Que o presidente Jair Bolsonaro utilizou um instrumento jurídico para um fim político (perdoar um aliado de seu governo) não restam dúvidas. Mas há mais entre o céu e a terra quando o assunto é política no Brasil. Chamou a atenção de juristas advogados atentos ao Supremo Tribunal Federal que Bolsonaro tenha concedido indulto em processo relatado por Alexandre de Moraes.
É o mesmo ministro que em 2018 concedeu um voto absolutamente favorável ao instrumento do indulto, em julgamento que analisava a validade de um ato executado pelo então presidente Michel Temer.
Na ocasião, o decreto editado por Temer beneficiaria inclusive políticos condenados por corrupção. Naquele julgamento, houve divergência entre os ministros Luís Roberto Barroso — que votou por manter os crimes de colarinho branco excluídos da concessão do benefício — e Alexandre de Moraes, que votou a a favor do decreto de Temer.
O que Alexandre de Moraes ponderou, à época, é que o indulto é prerrogativa do presidente da República e, portanto, o STF não deveria se colocar sobre outro Poder.

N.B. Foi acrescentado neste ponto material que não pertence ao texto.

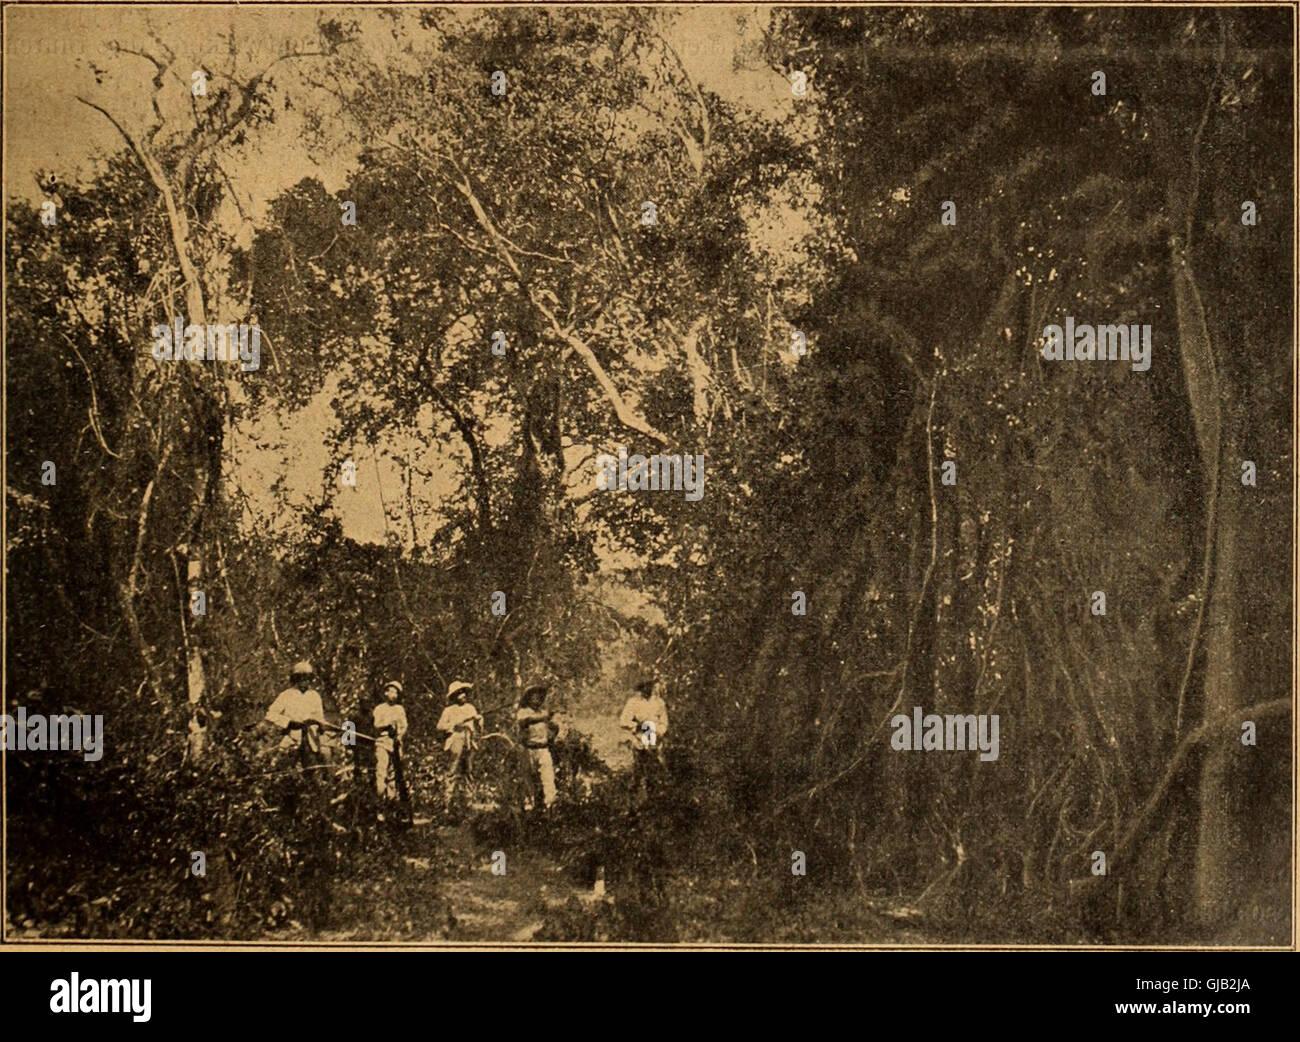 Blätter Für Aquarien Und Terrarien-Kunde (1902) Stockfoto

— Esse ato de clemência constitucional (indulto) é um ato privativo do presidente da República. Podemos gostar ou não gostar. Assim como vários parlamentares não gostam muito quando o Supremo declara inconstitucionalidade de emendas ou leis e atos normativos, função constitucional prevista para o STF — explicou.
— O ato de clemência não desrespeita a separação de poderes. Não é uma ilícita ingerência do Executivo, com devido respeito às posições em contrário, na política criminal que genericamente é estabelecida pelo Poder Legislativo e concretamente pelo Poder Judiciário. Até porque indulto, seja graça ou perdão presidencial, seja individual ou coletivo, não faz parte da política criminal. É um mecanismo de exceção contra aquele que tem competência (o Presidente) entender excessos da política criminal — votou.
A aposta de advogados que acompanham o cenário em Brasília é de que Bolsonaro, ao editar o decreto a favor de Daniel Silveira, tinha (e tem) plena consciência de que o caso será, mais uma vez, judicializado. Isso porque haverá contestação do ato do chefe do Executivo. Onde? No STF. Assim sendo, os ministros serão "obrigados" a discutir se o presidente tem, ou não, prerrogativa para conceder indulto neste caso.
Nesta perspectiva, acabaria forçando Moraes a se contradizer (ou não).
É claro que este é um raciocínio curto, considerando que há outros aspectos a serem considerados sobre a validade de um indulto no caso Daniel Silveira, como por exemplo quanto à possibilidade de extensão do indulto e quanto ao momento (mesmo antes do trânsito em julgado). Contudo, a aposta é que Bolsonaro quis mesmo chutar a bola de volta na direção do STF. E, assim, botar lenha na fogueira entre os poderes mais uma vez.